• [Supplied data]
== Segment start ==

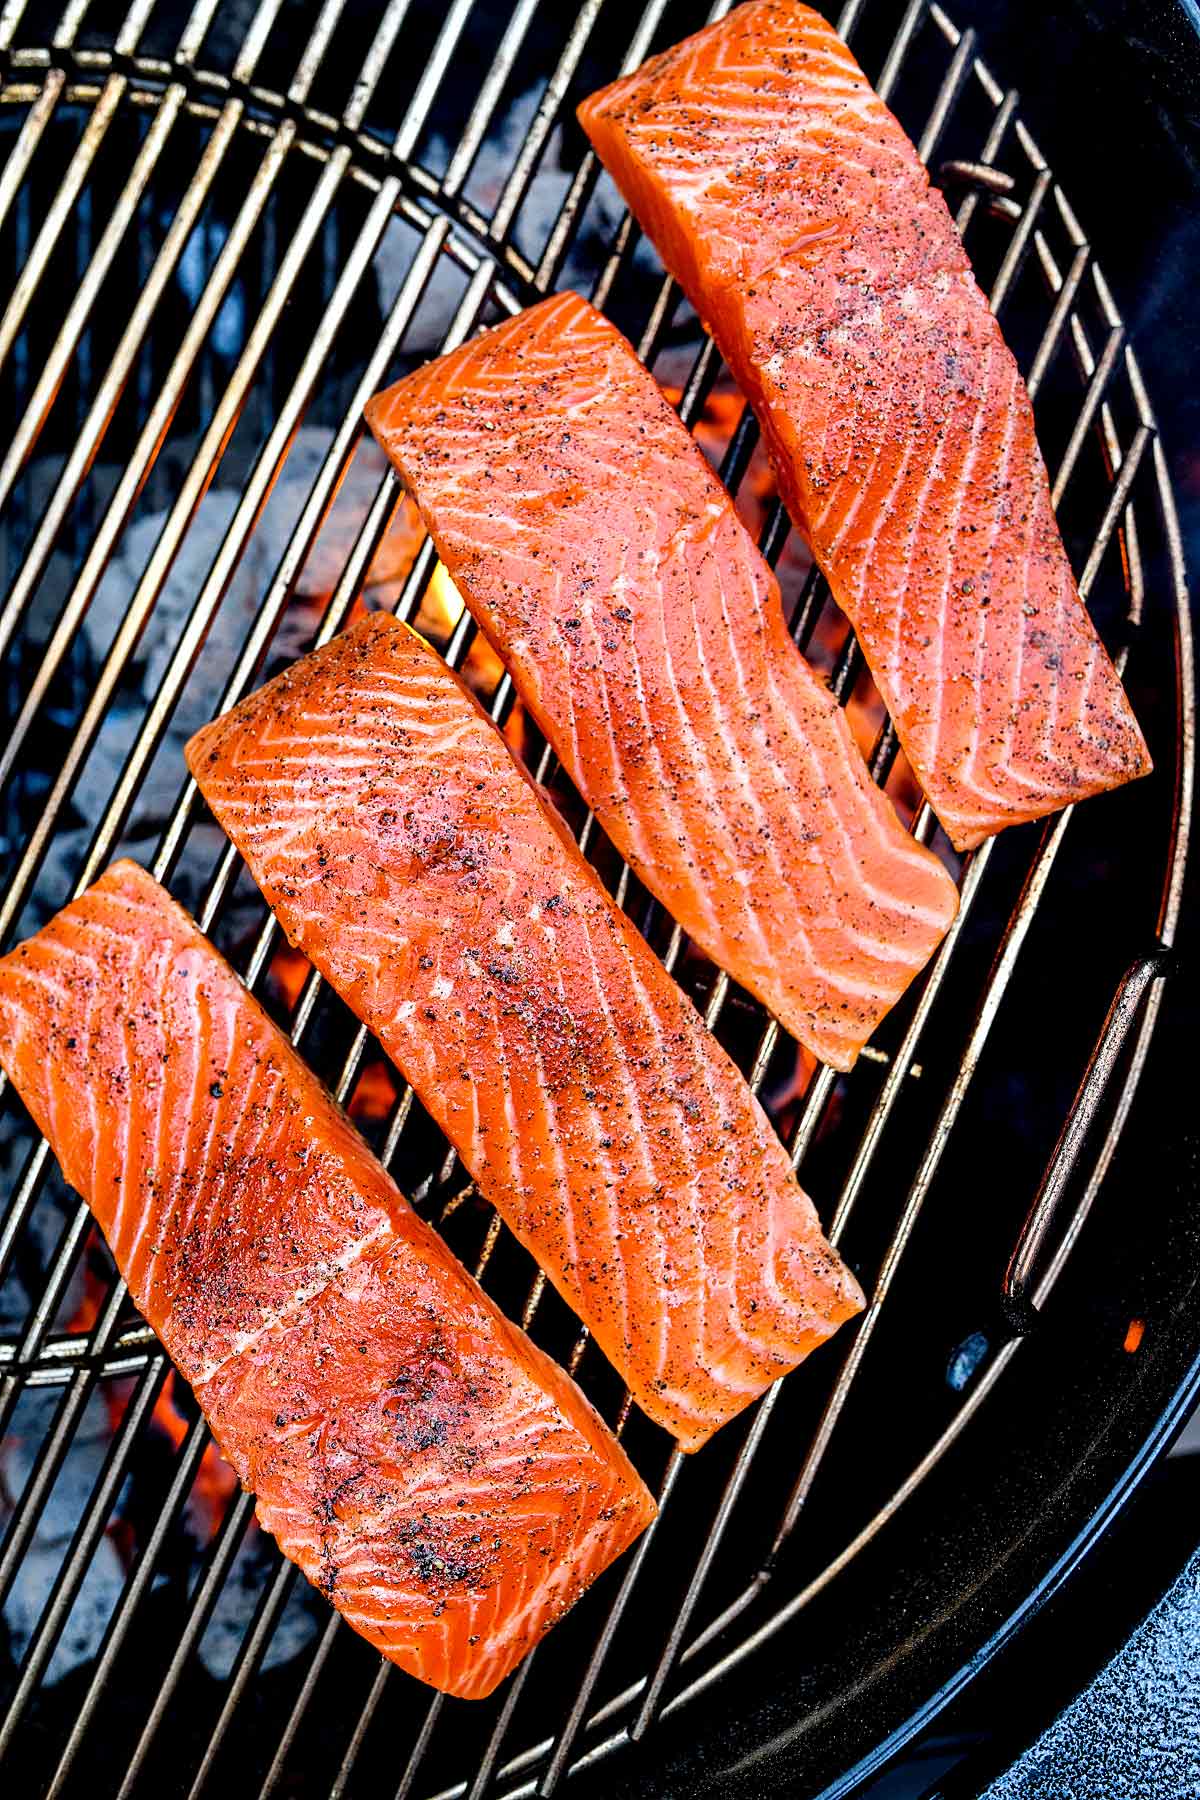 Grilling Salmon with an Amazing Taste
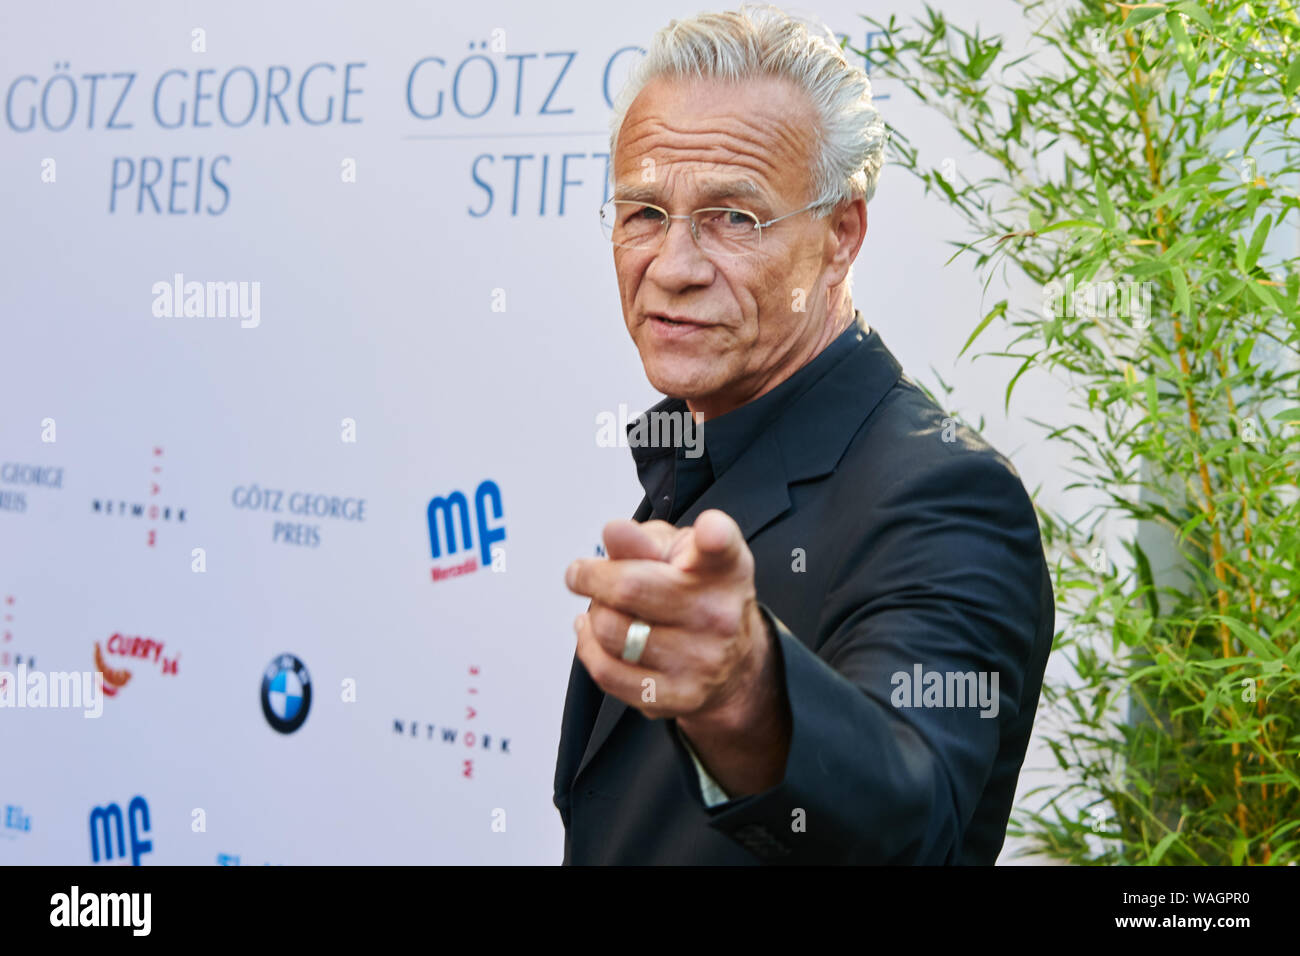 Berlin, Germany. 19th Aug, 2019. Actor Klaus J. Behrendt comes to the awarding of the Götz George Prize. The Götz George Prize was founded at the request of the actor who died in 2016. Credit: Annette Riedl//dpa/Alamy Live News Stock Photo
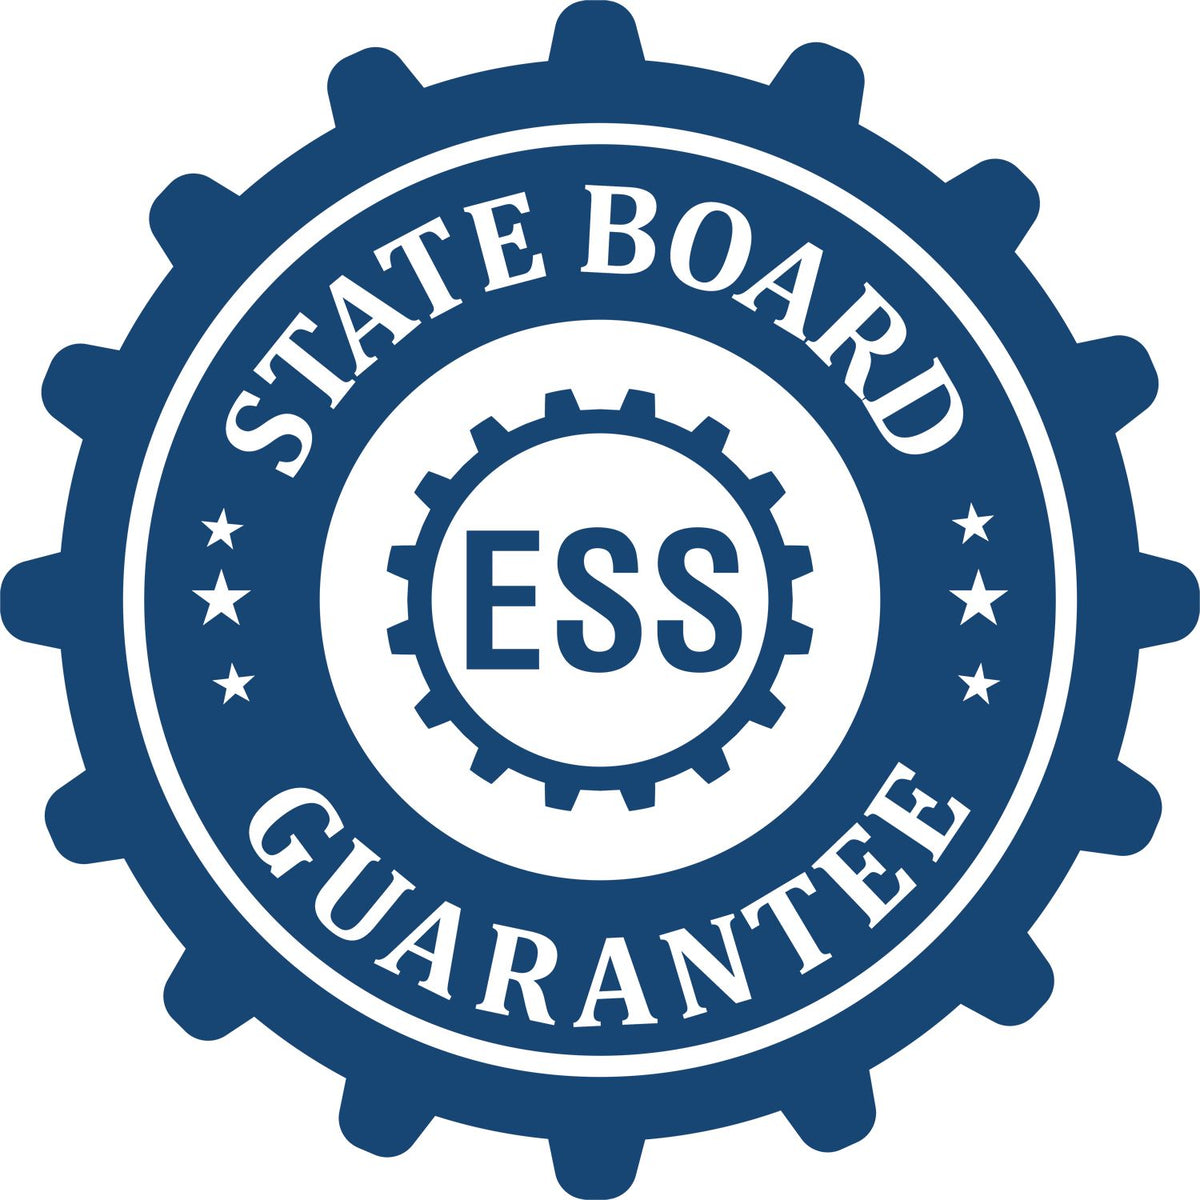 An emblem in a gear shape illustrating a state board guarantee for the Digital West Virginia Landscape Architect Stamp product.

== Segment end ==

Each line of the material goes into your copy unchanged, but no picture does.

 Grilling Salmon with an Amazing Taste
 Berlin, Germany. 19th Aug, 2019. Actor Klaus J. Behrendt comes to the awarding of the Götz George Prize. The Götz George Prize was founded at the request of the actor who died in 2016. Credit: Annette Riedl//dpa/Alamy Live News Stock Photo
 An emblem in a gear shape illustrating a state board guarantee for the Digital West Virginia Landscape Architect Stamp product.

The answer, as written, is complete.